Combining the reasoning of these cases with our holding in Pitrolo, we hold that the lower court erred in apportioning the costs between Allstate and State Auto. Because State Auto is the primary insurer in this case, Allstate, as excess carrier, should recover in subrogation the sums it expended in defense of Mr. Minor. This holding simply denies a windfall to the insurer which wrongfully refused to defend, while not penalizing the insurer who recognized its obligations. At the same time, our holding does not affect the total amount of coverage available to the insured; it goes exclusively to the allocation of the total between the two carriers.

For the reasons set forth above, the judgment of the Circuit Court of Marshall County is reversed and the case is remanded for further proceedings consistent with this opinion.

Reversed and remanded.

NOTES

[1] Circuit Court of Marshall County, West Virginia, Kevin R. Cook and Mary Cook, Plaintiffs, vs. Charles R. Nickerson, Jr. and Charles Douglas Minor, Defendants, Civil Action No. 82-C-78N.

[2] The pertinent part of State Auto's policy asserts:

Persons Insured. Under the Liability and Medical Expense Coverages the following are insureds:

a) With respect to an owned automobile. (2) any other person using such automobile with the permission of the named insured, provided his actual operation or (if he is not operating) his other actual use thereof is within the scope of such permission.

[3] Allstate's policy, in pertinent part, asserts the following persons are insured under this Section:

4. Any relative with respect to a non-owned private passenger automobile or trailer not regularly furnished for use of such relative, provided the use by such relative is with the permission, or reasonably believed to be with the permission, of the owner and is within the scope of such permission.

[4] The "excess clause" for each company states: State Auto —If the insured has other insurance against a loss to which the Liability Coverage applies or other automobile insurance affording benefits for medical expenses against a loss to which the Medical Expenses Coverage applies, the company shall not be liable under this policy for a greater proportion of such loss than the applicable limit of liability under this policy for such loss bears to the total applicable limit of liability of all valid and collectible insurance against such loss; provided, however, the insurance with respect to a temporary substitute or non-owned automobile shall be excess insurance over any other valid and collectible insurance....

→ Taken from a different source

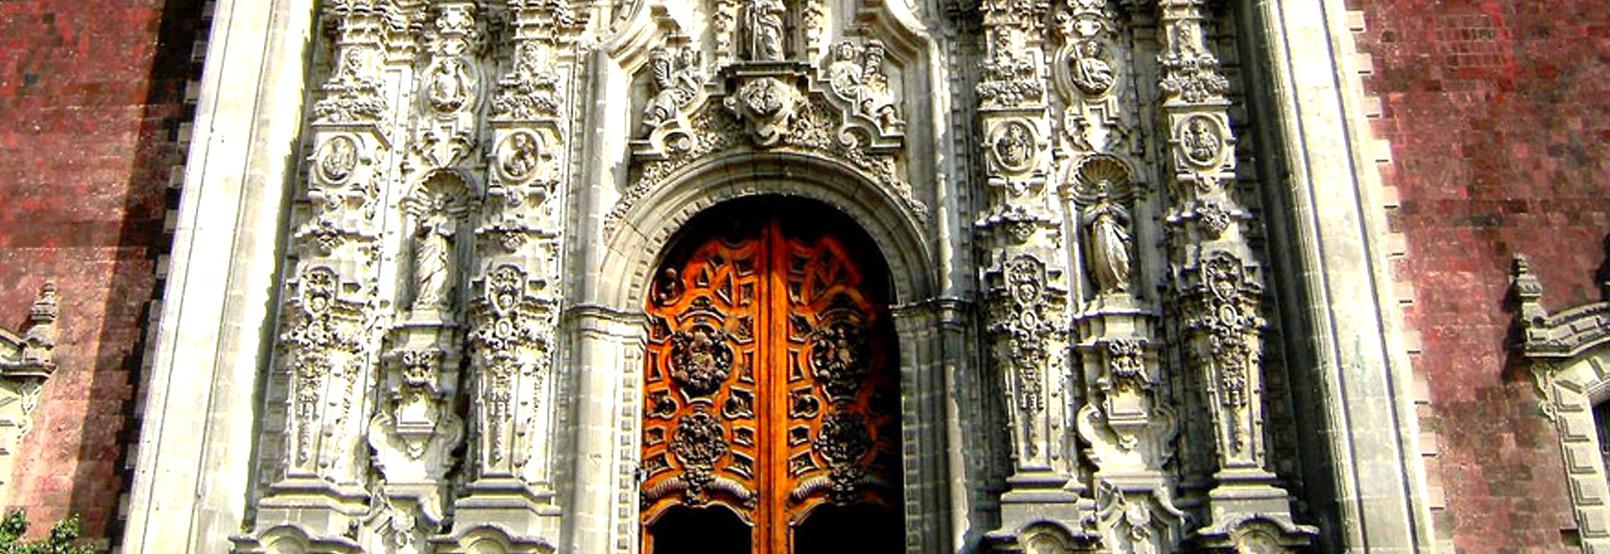 Artesanías de michoacán artesanías de michoacán
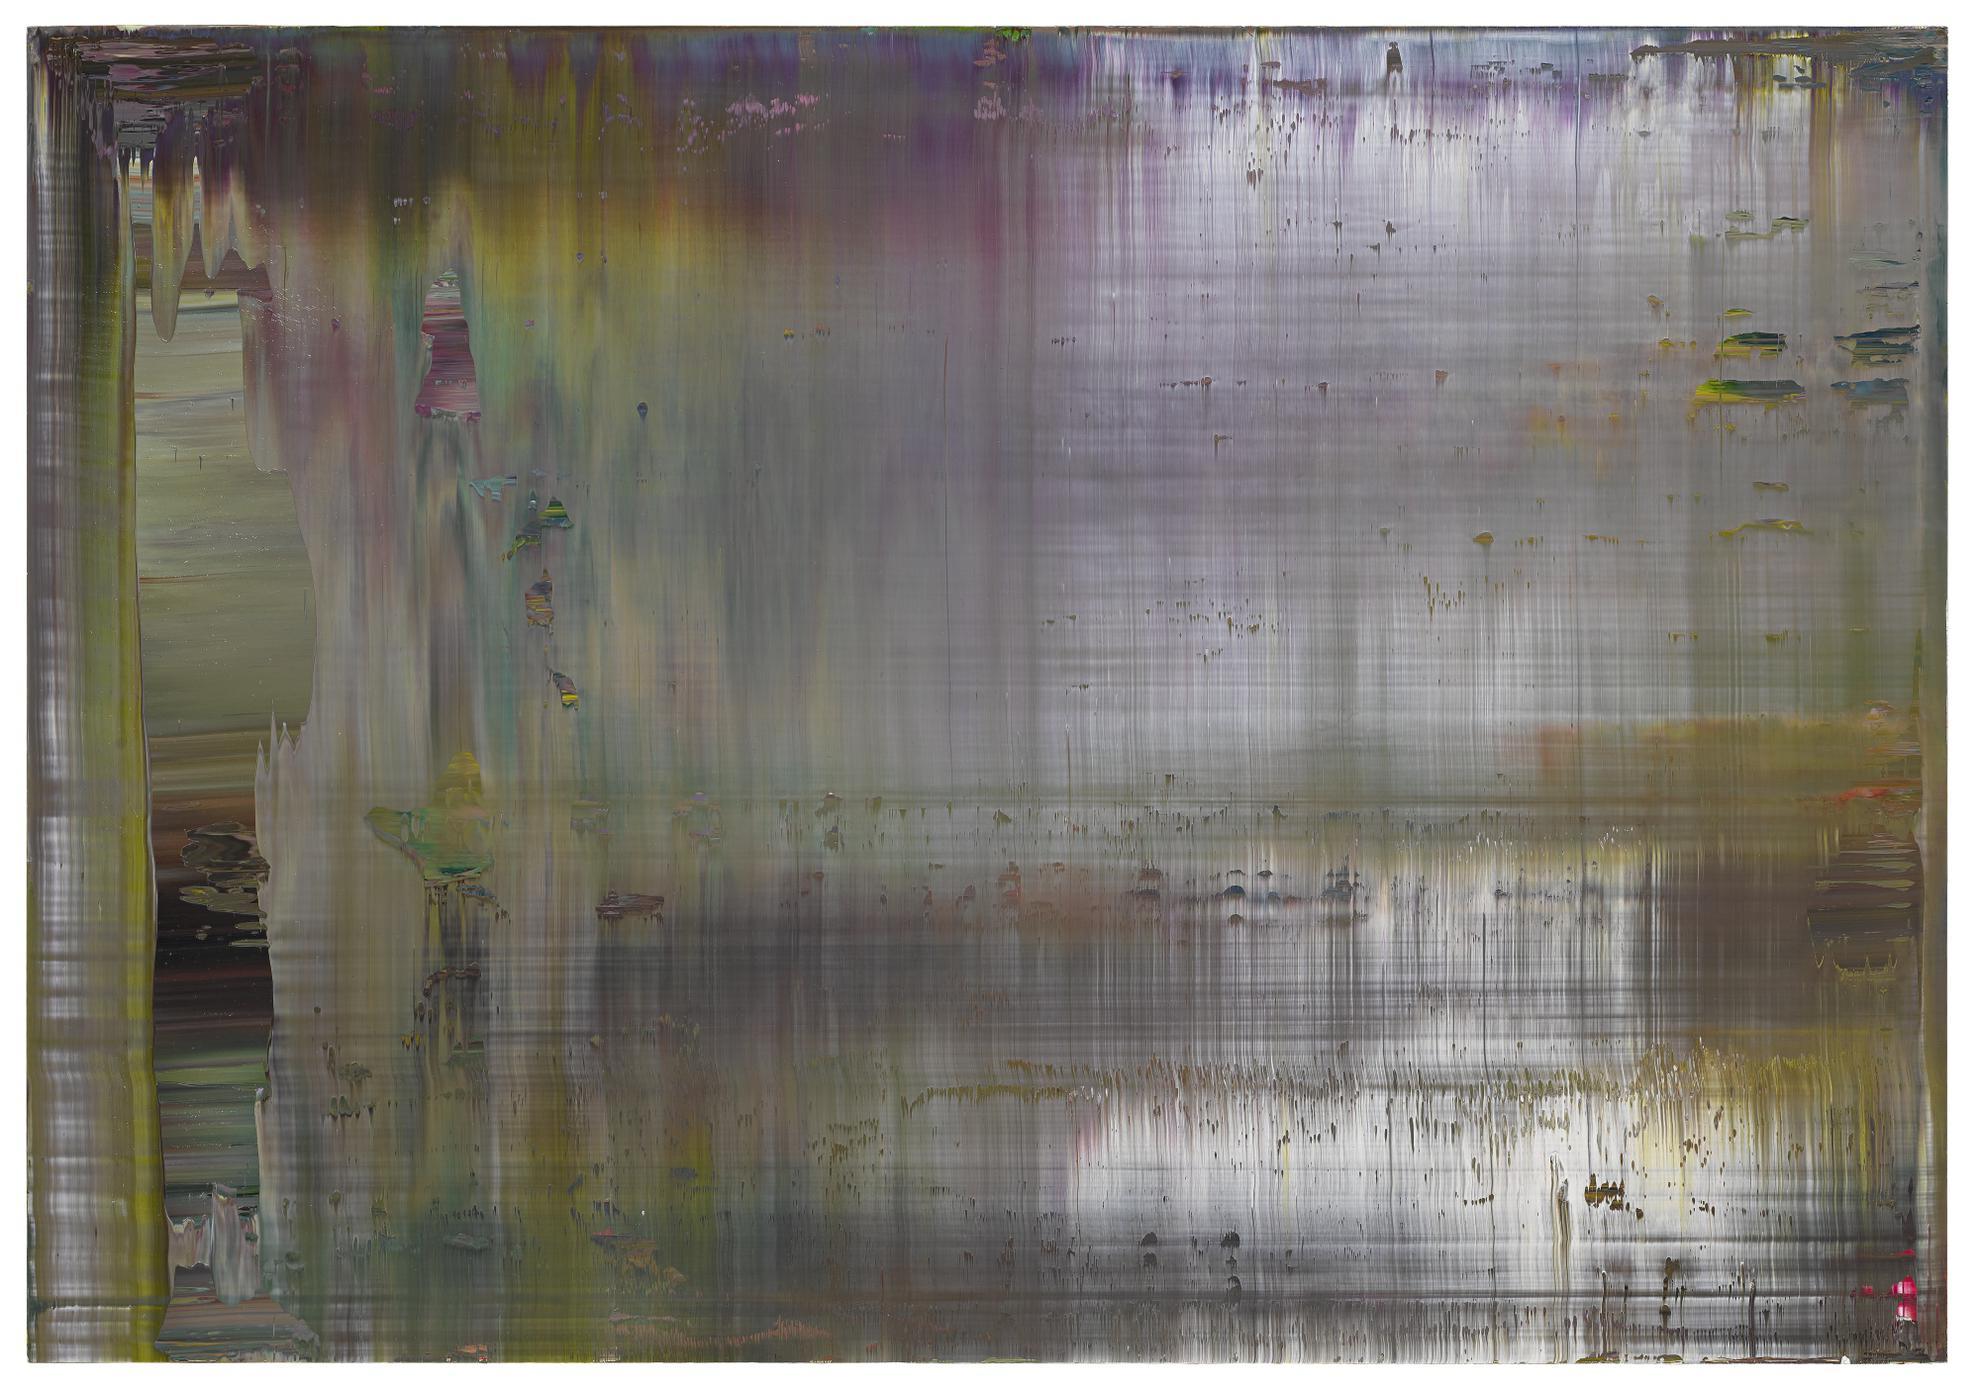 Gerhard Richter-Abstraktes Bild (840-6)-1997

Allstate—All shall not be liable under this Section I for a greater proportion of any loss than the applicable limit of liability stated in the declarations bears to the total applicable limit of liability of all collectible insurance against such loss; provided, however, the insurance with respect to a temporary substitute automobile or a non-owned automobile shall be excess insurance over any other collectible insurance.

[5] See also, Allstate Insurance Company v. Atlantic National Ins. Co., 202 F. Supp. 85 (S.D.W.Va. 1962); Henderson v. Selective Insurance Co., 369 F.2d 143 (6th Cir.1966); Dairyland Mut. Ins. Co. v. Andersen, 102 Ariz. 515, 433 P.2d 963 (1967); Preferred Risk Mut. Ins. Co. v. Commercial Union Ins. Co., 121 Ga.App. 367, 173 S.E.2d 730 (1970); Truck Ins. Exchange v. Torres, 193 Cal. App. 2d 483, 14 Cal. Rptr. 408 (1961); London and Lancashire Ins. Co. v. Government Employees Ins. Co., 66 N.J.Super. 269, 168 A.2d 855 (1961); Safeco Ins. Co. v. Pacific Indem. Co., 66 Wash.2d 38, 401 P.2d 205 (1965); Thurston Nat. Ins. Co. v. Zurich Ins. Co., 296 F. Supp. 619 (W.D.Okla.1969); Continental Casualty Co. v. Zurich Ins. Co., 57 Cal. 2d 27, 17 Cal. Rptr. 12, 366 P.2d 455 (1961); Wrenn & Outlaw, Inc. v. Employers' Liability Assurance Corp., 246 S.C. 97, 142 S.E.2d 741 (1965); Annotation 76 A.L. R.2d 502-514 (1961).